The issues we want to address are:

there are a couple of, more or less, redundant implementations of algorithms (AbstractRegionGrowing, ConnectedComponentAnalysis, Morphological operations, ...) of varying quality (honestly, our implementations in the ops-packages are certainly not the best among them)
many implementations use different concepts and are part of different frameworks (e.g. Operations, Algorithms or nothing) what complicates, and some time limits, their use and compatibility

As a first starting point, we propose the following:

we introduce a "imglib2-algorithms-sandbox" where one can put code which he wants to make visible/usable to others but didn't have time for a super-clean implementation yet, they can also be removed without being marked as deprecated. We think this package is important because many of these algorithms can be good starting point for more sophisticated implementations.
we should agree on one package (e.g. imglib2-ops) what should facilitate the interfaces definitions and usage (e.g. concatenation of algorithms, applying pixel-wise operation assignments on images or rois, etc.) of algorithms in general. addtionally this package may also contain very basic operation like add substract etc)
algorithm live in another package, e.g. imglib2-algorithms and have to comply with certain conventions that need to be elaborated and algorithms can only be added via pull-requests.
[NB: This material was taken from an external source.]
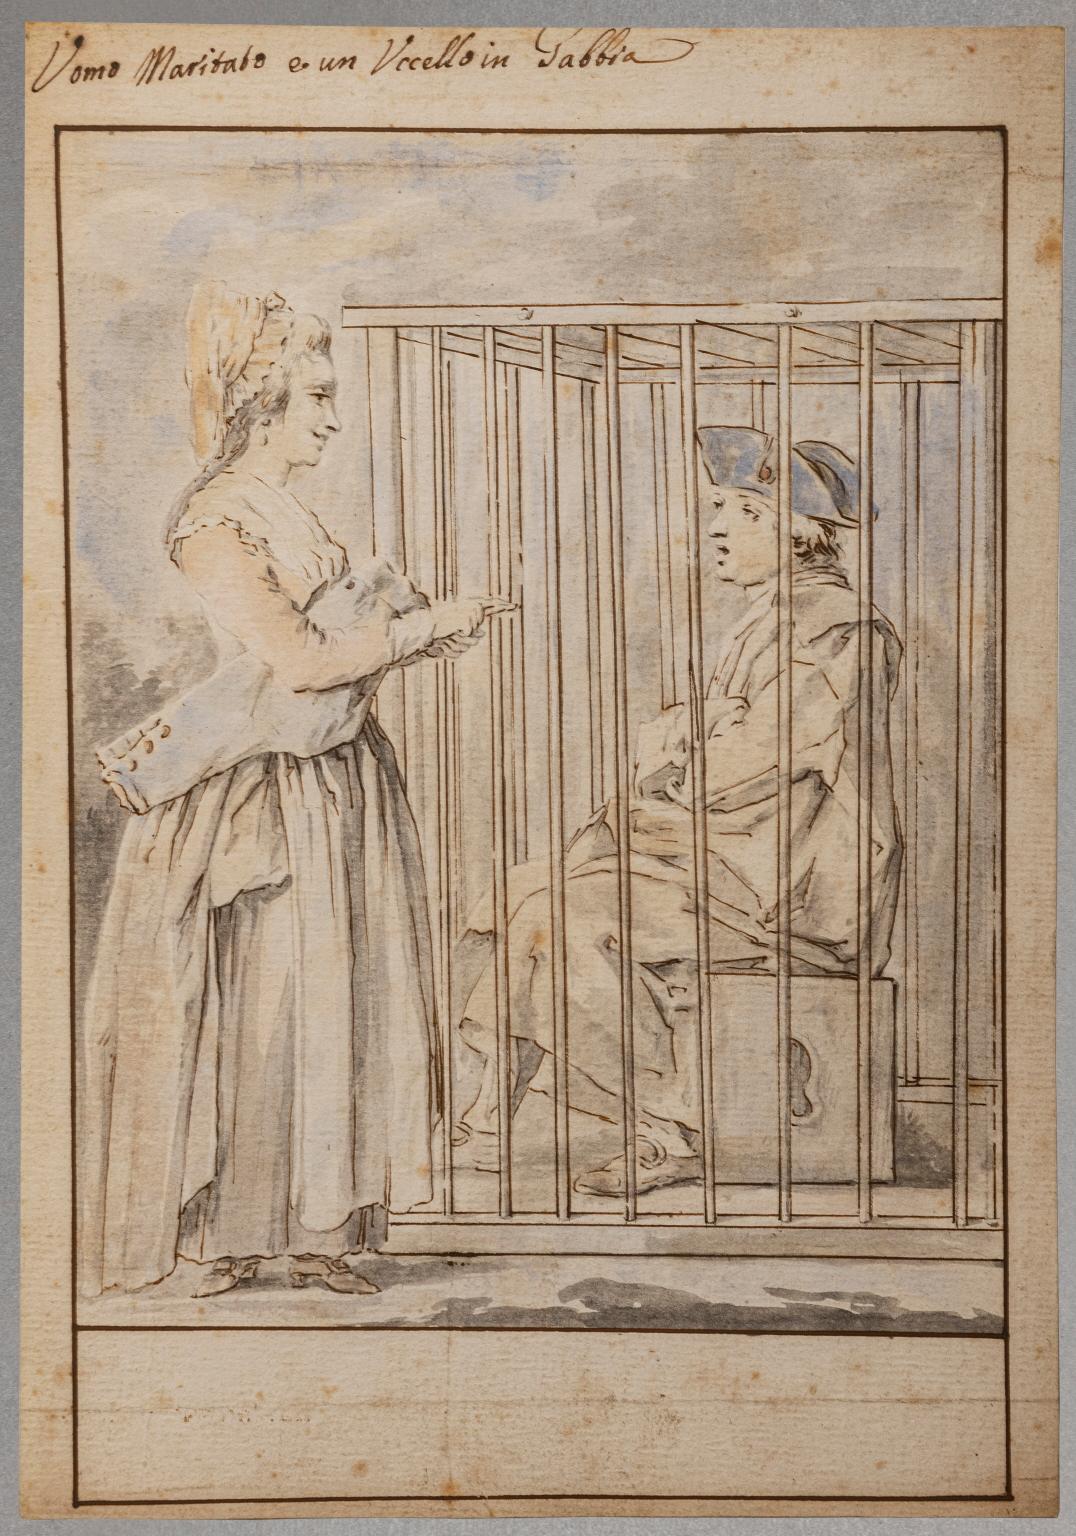 Florence Zeichnung Liebe, Hochzeit, Figurative Szene, Aquarell, Papier, 18. Jahrhundert (Rokoko), Art, von Giuseppe Piattoli

The conventions for stable algorithms in imglib2-algorithms can be something like this:

no other algorithm doing the same should exist (if yes, this algorithm should be extended instead of adding a similar one)
each algorithm must inherit from the same interface such that it can be embedded e.g. in the operation framework and should follow a certain coding convention (e.g. the obligation to provide static accessor methods, like in Gauss3)
the implementation should comply with a set of fixed coding guidelines (e.g. avoid the use of Img itself instead use IterableInterval or RandomAccessibleIntervals etc, whenever possible, use Views to create Iterables over RandomAccessibles, Formatting conventions etc..)
Multi-threaded algorithms must provide a method which takes an ExecutorService, which is e.g. important for application which maintain their own ThreadPool.
...

let's start this discussion!

Martin & Christian

Update: Added GoogleDoc document https://docs.google.com/document/d/1vENBDKboBWf9q29LHNtY0aizPY6mUw0pa0-q99JsscQ/edit#

To: @LeeKamentsky @MichaelZinsmaier @Squareys @angrauma @StephanPreibisch @axtimwalde @tpietzsch @tinevez @ctrueden @dscho @bdezonia @hinerm @hornm

dietzc commented 11 years ago

One more interesting idea is, that this clean algorithms package has a dependency on Scijava-Common such that we can add some annotations to the algorithm (and to the conventions?!) and run them as imagej2 macros?

StephanPreibisch commented 11 years ago

Hi Christian, I like this initiative a lot. Sandbox, great idea - and also the split between ops and actual implementations of algorithms. We just have to defines the rules though. Maybe a google-doc would be a great idea so that we can all change and discuss it.

I object a little to the "no other algorithm doing the same should exist" ... I think there are examples where it makes sense to have it, e.g. Gauss3 vs FourierConvolution. They basically do the same but there is no point in extending one with another. But maybe you mean it much more strict, saying there should not be Gauss1, Gauss2, Gauss3? Still, maybe I want to make Gaussian convolution using CUDA or some other approximation, which does the same but has much more dependencies or I do not know what. Maybe it is better to say they have to be in the same package. What do you think? I feel we at least have to be more precise what it means "doing the same thing".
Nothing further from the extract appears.